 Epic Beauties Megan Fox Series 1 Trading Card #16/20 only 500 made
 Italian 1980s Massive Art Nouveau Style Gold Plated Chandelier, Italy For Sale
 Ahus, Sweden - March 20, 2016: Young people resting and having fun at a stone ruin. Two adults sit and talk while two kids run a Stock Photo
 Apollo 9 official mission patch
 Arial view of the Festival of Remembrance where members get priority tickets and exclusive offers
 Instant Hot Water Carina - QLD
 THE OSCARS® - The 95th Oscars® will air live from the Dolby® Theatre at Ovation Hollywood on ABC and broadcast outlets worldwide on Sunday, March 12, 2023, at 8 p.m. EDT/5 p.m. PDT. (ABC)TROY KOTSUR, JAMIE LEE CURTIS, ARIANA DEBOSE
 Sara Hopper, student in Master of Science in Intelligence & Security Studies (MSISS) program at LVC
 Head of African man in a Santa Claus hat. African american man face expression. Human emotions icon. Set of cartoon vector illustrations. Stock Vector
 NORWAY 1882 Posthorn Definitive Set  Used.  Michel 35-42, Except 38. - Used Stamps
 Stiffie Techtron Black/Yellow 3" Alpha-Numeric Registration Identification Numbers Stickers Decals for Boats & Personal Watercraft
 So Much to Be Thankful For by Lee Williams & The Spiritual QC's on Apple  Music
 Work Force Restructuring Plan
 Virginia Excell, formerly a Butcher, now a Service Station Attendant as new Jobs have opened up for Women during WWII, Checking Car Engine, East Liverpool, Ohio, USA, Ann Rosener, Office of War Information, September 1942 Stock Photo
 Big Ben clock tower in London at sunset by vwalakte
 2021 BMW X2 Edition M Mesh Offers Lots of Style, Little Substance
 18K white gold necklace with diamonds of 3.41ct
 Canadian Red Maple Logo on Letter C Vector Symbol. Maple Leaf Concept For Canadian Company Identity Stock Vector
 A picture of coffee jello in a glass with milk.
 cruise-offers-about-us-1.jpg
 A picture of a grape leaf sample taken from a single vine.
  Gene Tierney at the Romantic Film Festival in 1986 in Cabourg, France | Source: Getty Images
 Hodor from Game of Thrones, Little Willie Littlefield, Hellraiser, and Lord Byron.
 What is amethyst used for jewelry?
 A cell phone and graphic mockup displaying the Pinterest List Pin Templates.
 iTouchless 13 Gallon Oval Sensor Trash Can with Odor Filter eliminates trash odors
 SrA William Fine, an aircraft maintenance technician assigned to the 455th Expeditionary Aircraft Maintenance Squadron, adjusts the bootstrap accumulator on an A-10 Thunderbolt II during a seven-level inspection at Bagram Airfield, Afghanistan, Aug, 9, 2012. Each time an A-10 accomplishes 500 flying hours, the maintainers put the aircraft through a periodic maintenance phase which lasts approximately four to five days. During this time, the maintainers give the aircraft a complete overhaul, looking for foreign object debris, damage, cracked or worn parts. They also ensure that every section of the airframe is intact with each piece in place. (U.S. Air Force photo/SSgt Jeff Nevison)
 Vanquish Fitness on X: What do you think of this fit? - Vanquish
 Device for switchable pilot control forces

What the task asks: What is wanted is a copy of every line in the listing that includes the word "March".

Result of this task:
 Ahus, Sweden - March 20, 2016: Young people resting and having fun at a stone ruin. Two adults sit and talk while two kids run a Stock Photo
 THE OSCARS® - The 95th Oscars® will air live from the Dolby® Theatre at Ovation Hollywood on ABC and broadcast outlets worldwide on Sunday, March 12, 2023, at 8 p.m. EDT/5 p.m. PDT. (ABC)TROY KOTSUR, JAMIE LEE CURTIS, ARIANA DEBOSE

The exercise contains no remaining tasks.